- **RECORDS PROVIDED**
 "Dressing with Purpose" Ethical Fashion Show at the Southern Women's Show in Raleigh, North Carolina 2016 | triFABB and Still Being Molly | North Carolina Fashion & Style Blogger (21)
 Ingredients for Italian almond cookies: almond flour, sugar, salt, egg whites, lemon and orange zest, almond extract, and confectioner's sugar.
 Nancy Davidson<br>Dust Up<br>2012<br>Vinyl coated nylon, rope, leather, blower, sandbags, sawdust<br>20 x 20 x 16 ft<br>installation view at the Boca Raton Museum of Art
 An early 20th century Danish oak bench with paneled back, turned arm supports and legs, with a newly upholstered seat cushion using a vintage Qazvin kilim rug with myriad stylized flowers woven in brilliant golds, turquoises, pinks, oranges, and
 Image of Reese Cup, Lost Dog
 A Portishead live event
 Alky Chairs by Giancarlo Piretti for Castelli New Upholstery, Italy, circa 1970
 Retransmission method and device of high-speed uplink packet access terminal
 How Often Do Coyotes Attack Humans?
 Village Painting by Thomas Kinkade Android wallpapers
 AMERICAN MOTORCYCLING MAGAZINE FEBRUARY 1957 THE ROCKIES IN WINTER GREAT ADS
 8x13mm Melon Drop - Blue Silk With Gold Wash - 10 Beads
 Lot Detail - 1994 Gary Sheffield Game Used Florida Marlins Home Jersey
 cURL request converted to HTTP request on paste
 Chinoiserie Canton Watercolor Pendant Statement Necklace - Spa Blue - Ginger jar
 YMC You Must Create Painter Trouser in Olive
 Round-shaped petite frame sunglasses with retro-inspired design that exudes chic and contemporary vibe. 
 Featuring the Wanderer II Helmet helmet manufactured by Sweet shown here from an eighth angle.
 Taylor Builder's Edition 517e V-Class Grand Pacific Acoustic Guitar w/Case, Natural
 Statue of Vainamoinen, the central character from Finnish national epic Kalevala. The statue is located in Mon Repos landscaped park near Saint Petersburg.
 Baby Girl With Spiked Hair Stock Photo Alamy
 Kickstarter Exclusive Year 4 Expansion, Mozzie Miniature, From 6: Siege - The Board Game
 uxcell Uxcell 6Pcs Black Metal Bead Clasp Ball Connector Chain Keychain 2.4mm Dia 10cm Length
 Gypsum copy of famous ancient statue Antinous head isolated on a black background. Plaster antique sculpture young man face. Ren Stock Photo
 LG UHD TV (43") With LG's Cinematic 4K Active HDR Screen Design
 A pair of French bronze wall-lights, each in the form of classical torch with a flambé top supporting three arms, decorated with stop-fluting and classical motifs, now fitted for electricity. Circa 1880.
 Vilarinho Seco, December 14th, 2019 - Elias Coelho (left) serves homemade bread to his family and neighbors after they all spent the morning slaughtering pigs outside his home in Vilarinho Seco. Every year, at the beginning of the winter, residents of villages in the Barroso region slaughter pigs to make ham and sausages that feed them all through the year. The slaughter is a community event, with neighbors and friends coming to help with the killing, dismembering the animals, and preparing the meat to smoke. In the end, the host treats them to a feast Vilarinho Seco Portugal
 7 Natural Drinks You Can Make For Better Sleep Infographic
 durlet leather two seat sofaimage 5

- **YOUR TASK**
Write out the listing exactly from its first line to the line containing "Ingredients for Italian". Both of those lines belong in the answer.

- **SOLUTION TO THIS PROBLEM**
 "Dressing with Purpose" Ethical Fashion Show at the Southern Women's Show in Raleigh, North Carolina 2016 | triFABB and Still Being Molly | North Carolina Fashion & Style Blogger (21)
 Ingredients for Italian almond cookies: almond flour, sugar, salt, egg whites, lemon and orange zest, almond extract, and confectioner's sugar.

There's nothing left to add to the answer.